Many spectral and photometric classification methods (some examples were given above) provide MK spectral types and luminosity classes of stars. These data are necessary for accurate refraction calculations. As to photometric classification, it may only be realized with the use of filter combinations whose bands are narrower than 300 - 500 Å. However, photometries with band widths of the order of 1000 Å and more are performed. They may reach fainter stars and are very useful for many tasks. The most wide-spread photometry is the UBVRI photometry of Johnson ([1965]). In Fig. 5 their filter transmission curves are given together with the quantum efficiency of a CCD detector used in our study. Here we restrict ourselves with the BVRI range where the CCD detector is sensitive.

To assign photometric indices to the tabulated spectral energy distributions for different spectral types and luminosity classes (Sviderskiene [1988]) we use the mean relations of Schmidt-Kaler ([1982]) where the B-V indices are given as functions of MK spectral types, separately for dwarfs (luminosity class V), giants (luminosity class III) and supergiants (luminosity class I), respectively. For V-R and V-I indices we take the respective relations from Straizys ([1992]). In Figs. 6, 7 and 8 the dependencies of the calculated refraction on B-V, V-R and V-I indices respectively are given for different luminosity classes, one accuracy of refraction measurements (0.05 arcsec) is indicated. We conclude from these figures that in the case of the B-V index the luminosity effects are significant for K - M types; but for V-R and V-I indices these effects are small in comparison with the indicated accuracy of refraction measurements.

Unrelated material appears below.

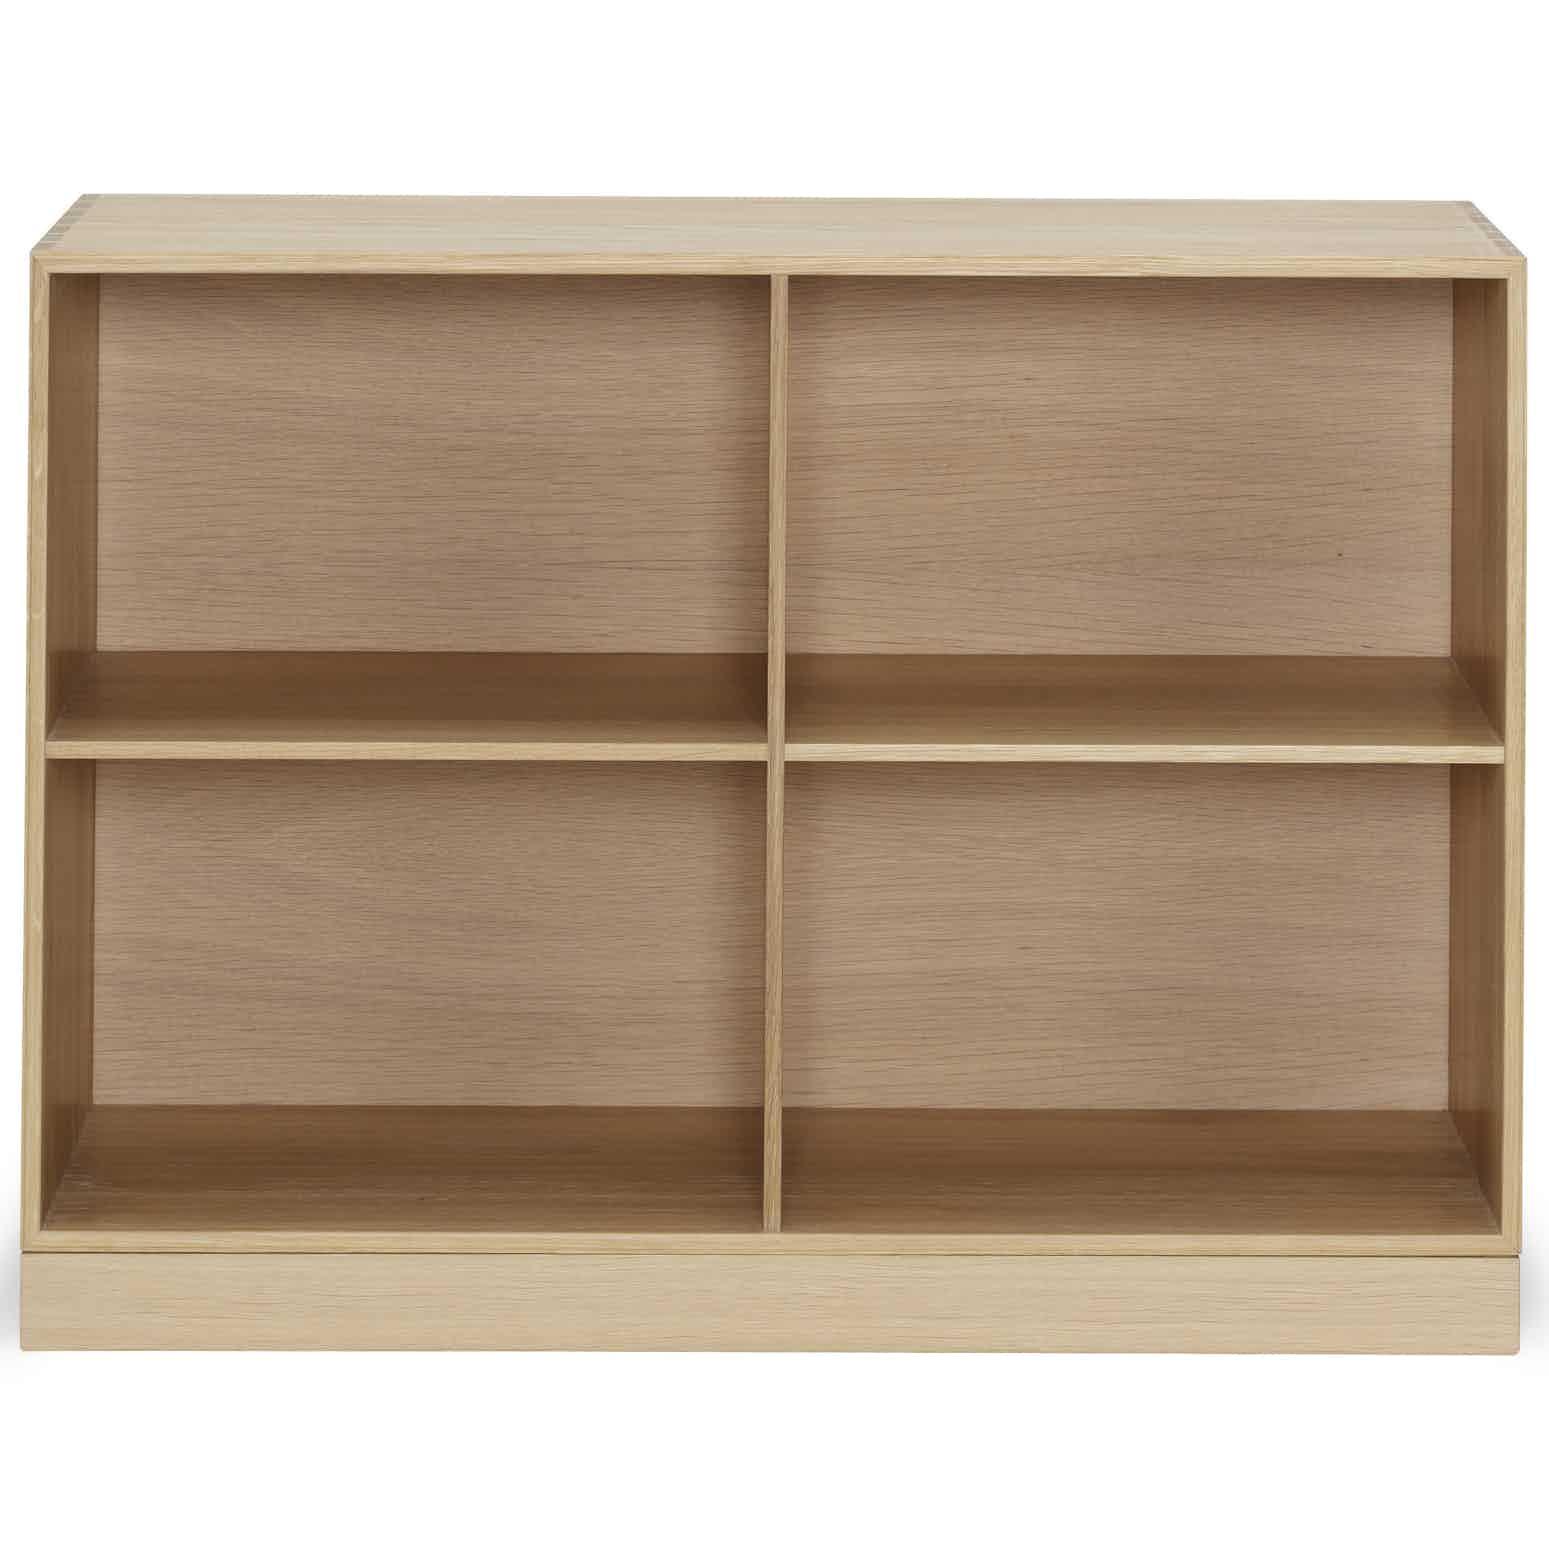 MK-Bookcase-2-3_181002_161116

In Figs. 6, 7 and 8 the interstellar reddening effects are also given for B5 dwarf at different degrees of reddening. To get the E(V-R) and E(V-I) values for the corresponding E(B-V), the following reddening ratios taken from Taylor ([1986]) are used:


E(R-I)/E(B-V) = 0.838, (4)


E(V-R)/E(B-V) = 0.80. (5)

These ratios are valid for stars earlier than A0. In the case of B-V indices (Fig. 6) the reddening line is deviating significantly from the lines for unreddened dwarfs. The situation is quite different for V-R and V-I indices (Figs. 7 and 8, respectively) where the reddening lines are almost parallel or nearly coincide with the lines for unreddened stars. Judging on the last two figures we may suspect that there is no necessity to know E(B-V) as well as spectral types and luminosity classes in order to obtain the refraction from V-R or V-I indices with accuracies of 0.03 - 0.05 arcsec in refraction.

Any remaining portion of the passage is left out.